→ **Data segment**
------

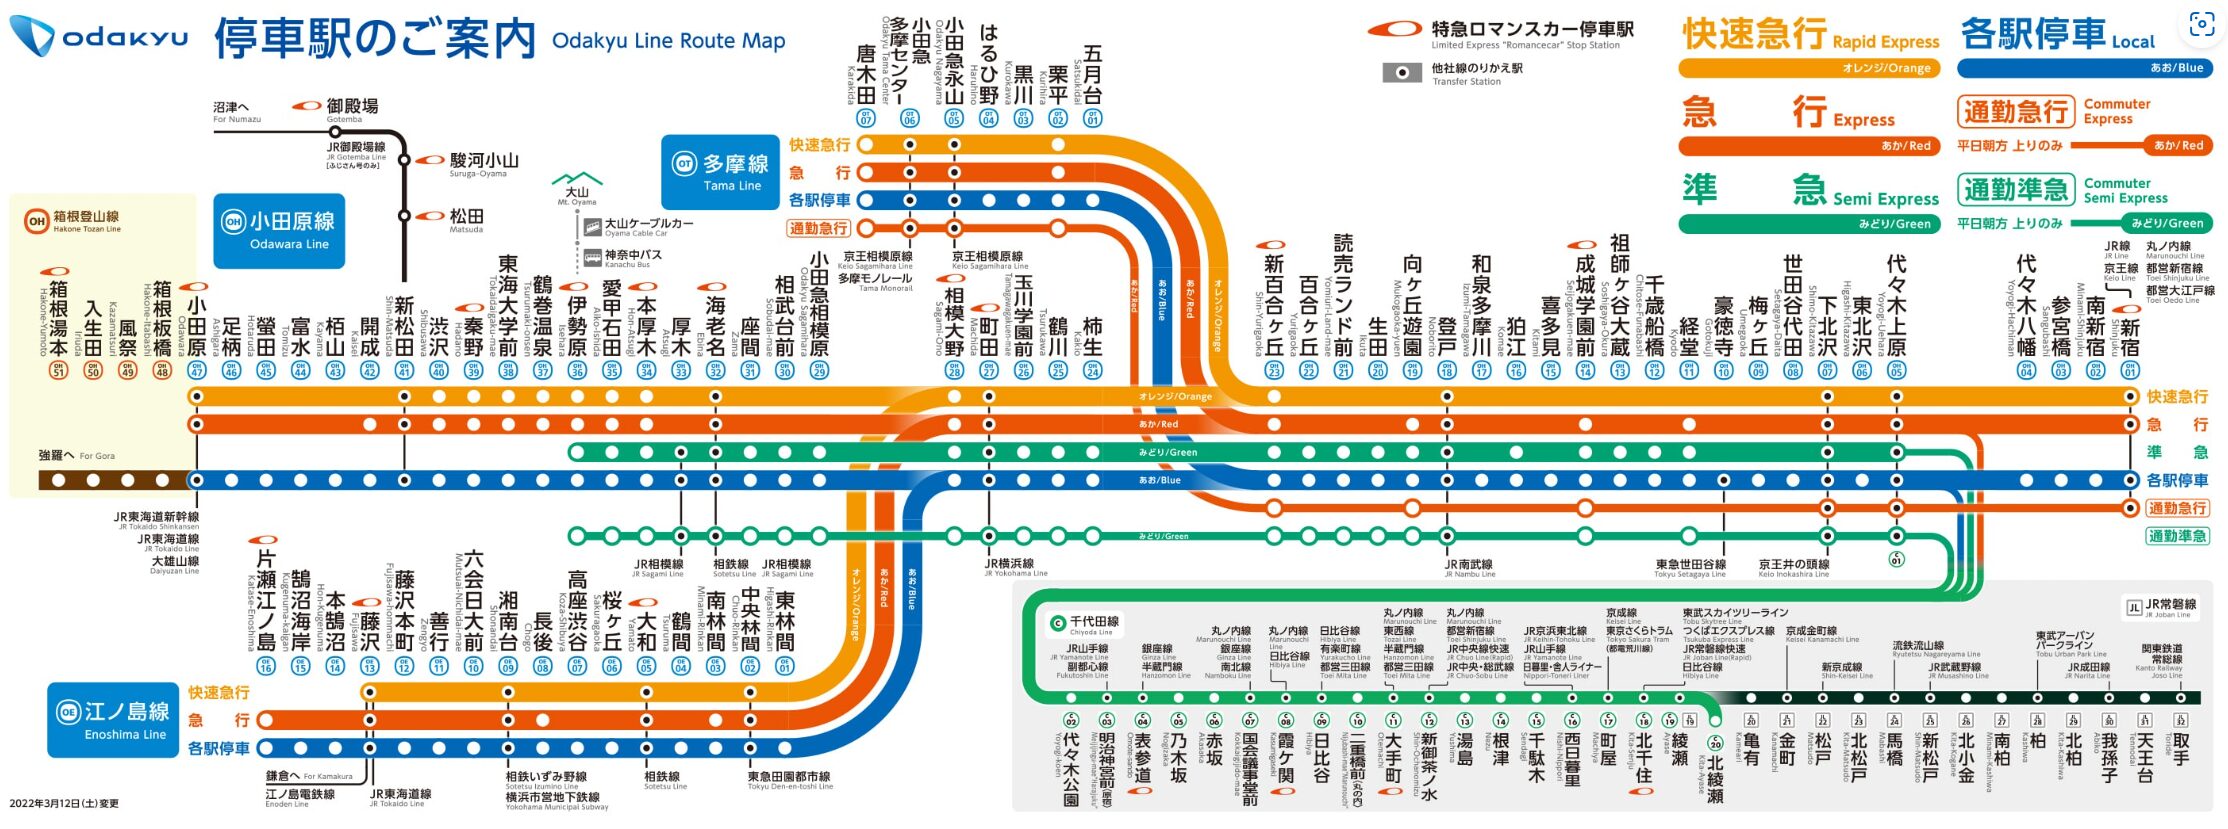 公式サイトより引用：小田急江ノ島線路線図
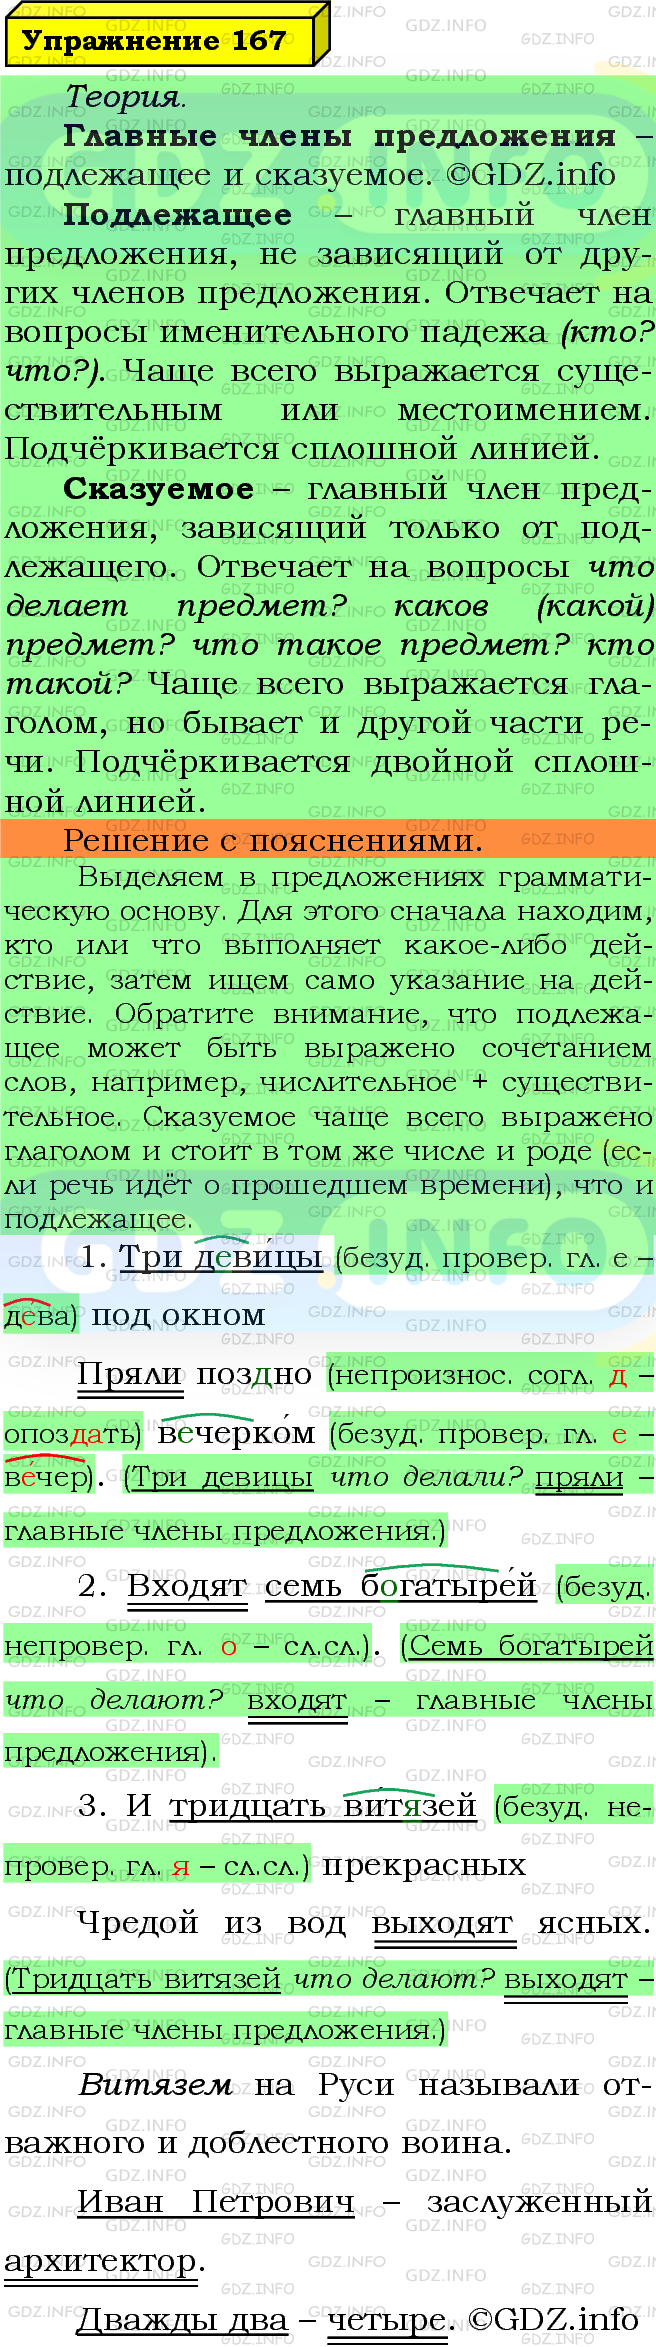 Фото решения 6: Номер №167 из ГДЗ по Русскому языку 5 класс: Ладыженская Т.А. 2019г.
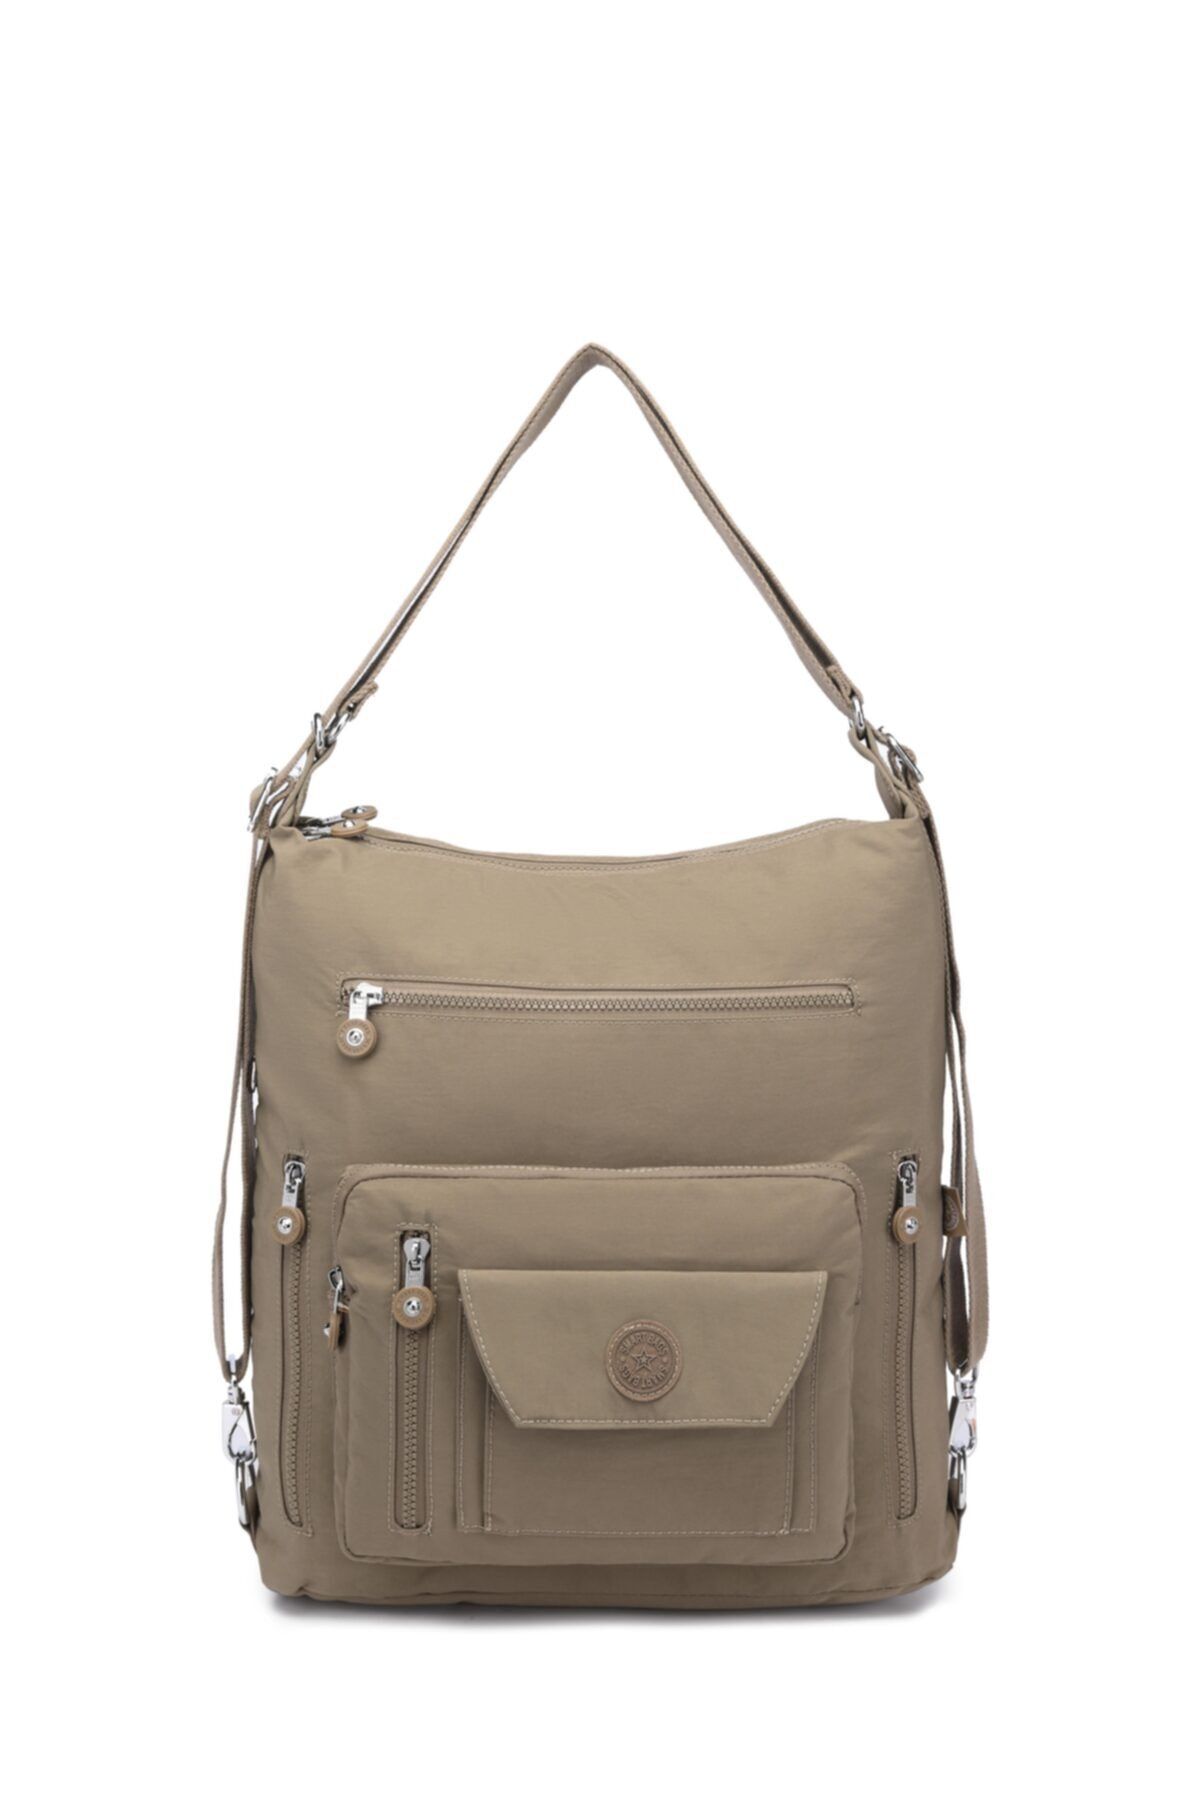 Smart Bags Açık Kahverengi Kadın Omuz Ve Sırt Çantası

------

→ **Task requirements**
If pictures appear in the data, omit them and copy all other parts exactly.

→ **Response for this exercise**
 公式サイトより引用：小田急江ノ島線路線図
 Фото решения 6: Номер №167 из ГДЗ по Русскому языку 5 класс: Ладыженская Т.А. 2019г.
 Smart Bags Açık Kahverengi Kadın Omuz Ve Sırt Çantası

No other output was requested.